Equivalent resistance with possible short circuit

[rhemmin]

Homework Statement

Find the current flowing through the voltage source in mA. Assume Vs = 3.9 V and R = 8.3 kohm. Round off your answer to two decimal points.

Homework Equations

1/R(equivalent) = 1/R1 + 1/R2 + ...

I=V/R

Kirchoff's voltage law

The Attempt at a Solution

I considered the 3 resistors in the upper left of diagram (10k, R=8.3k, 10k) to be in parallel and calculated their equivalent resistance to be 3.12 kOhms. I basically ignored the two 10kOhm resistors in the bottom right because a) they didn't seem to be in series, or parallel so I didn't know what to do with them and b) it seemed that the current would avoid them by taking the path of least resistance after going through the 3 resistors in parallel in the upper left. I then wrote the KVL equation: Vs - I(3.12*10^3) = 0 and solved for I determining the current to be 1.25mA.

 

[phinds]

Uh, dude, you REALLY need to rethink that analysis. How can the current through R possibly NOT flow through on or both of the resistors on the right & bottom?

 

[NascentOxygen]

Try redrawing the diagram, this time repositioning enough of the elements so that you can draw it so there are no sloping lines. I.e., arrange it so all elements and connecting wires are either vertical or horizontal, and with no ugly cross-overs.

You may need to make a few attempts before you manage it. Just keep trying.

 

[rhemmin]

Wow. Thank you both very much for the help. My first big problem was that I assumed there was a node where the wires crossed. For sure, I'll pay much closer attention to nodes from now on. Also, redrawing the diagram with the R=8.3k resistor going around the other circuit elements made the diagram much easier to understand.

Thanks again!

 

[asteriatic]

I would like to point out that the assumption of a short circuit in this scenario is not physically possible. A short circuit occurs when there is a low resistance path that bypasses the load, causing a large current to flow through it. In this case, the two 10kOhm resistors in the bottom right are not in series or parallel with the other resistors, so they cannot create a short circuit. Additionally, the assumption of a short circuit would result in an infinite current, not a finite value of 1.25mA.

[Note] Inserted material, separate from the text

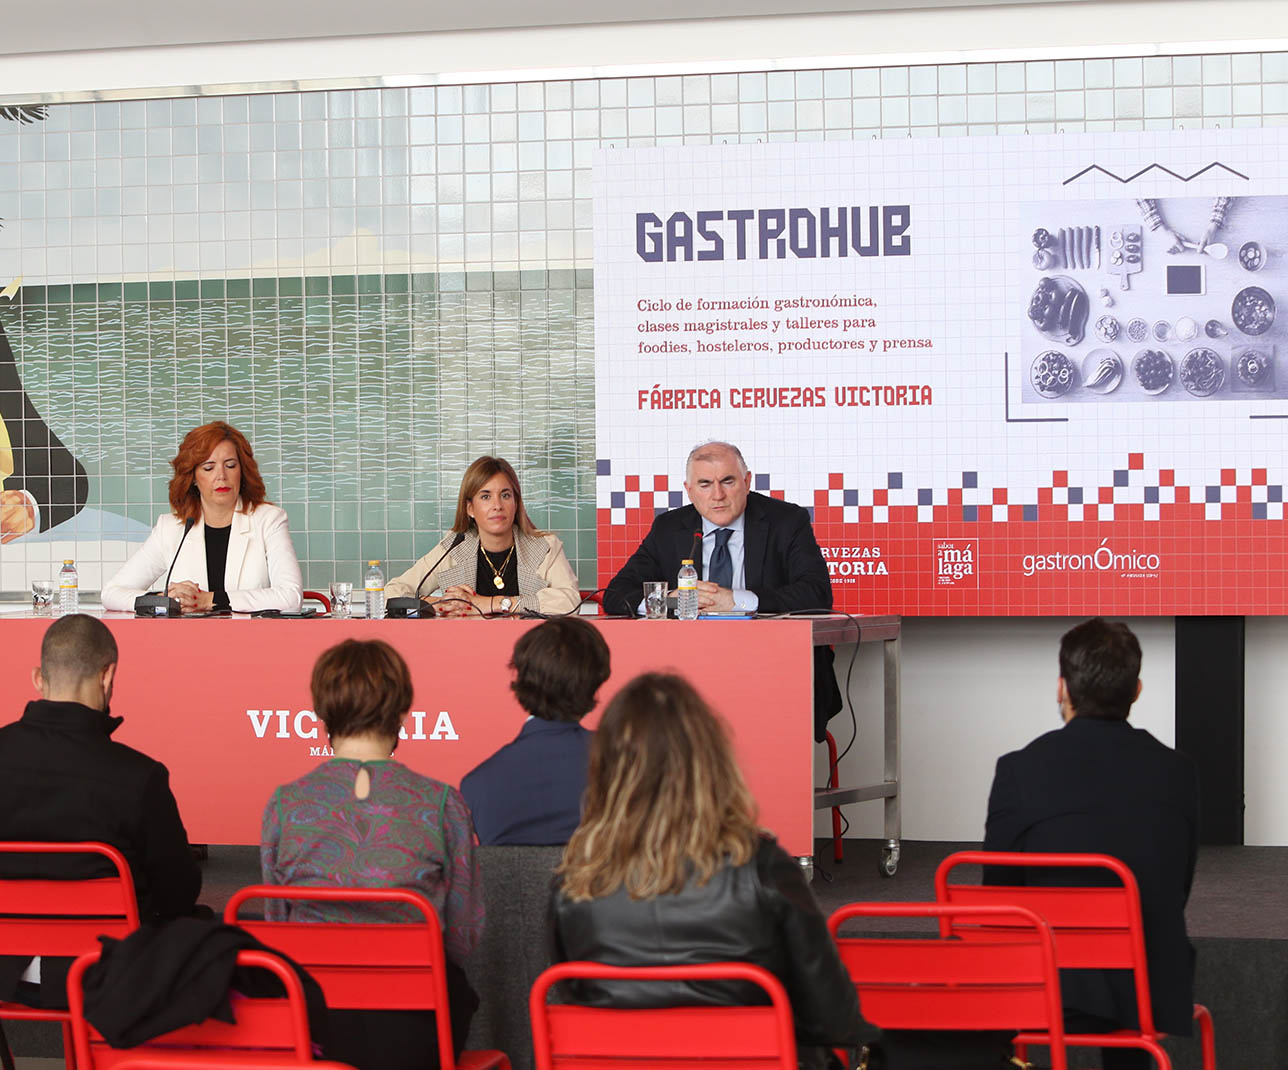 Gastrohub tiene como objetivo generar valor a los negocios de hostelería

To accurately solve this problem, all resistors in the circuit must be taken into account. The two 10kOhm resistors in the bottom right can be combined into a single equivalent resistance of 5kOhms, which is in series with the 8.3kOhm resistor. This results in a total resistance of 13.3kOhms. Using Ohm's Law, the current can be calculated as I=Vs/R, which gives a value of 0.29mA. This is significantly lower than the value calculated under the assumption of a short circuit.

In conclusion, it is important to consider all components in a circuit when calculating the equivalent resistance and current. Assumptions of short circuits can lead to incorrect solutions and should be avoided.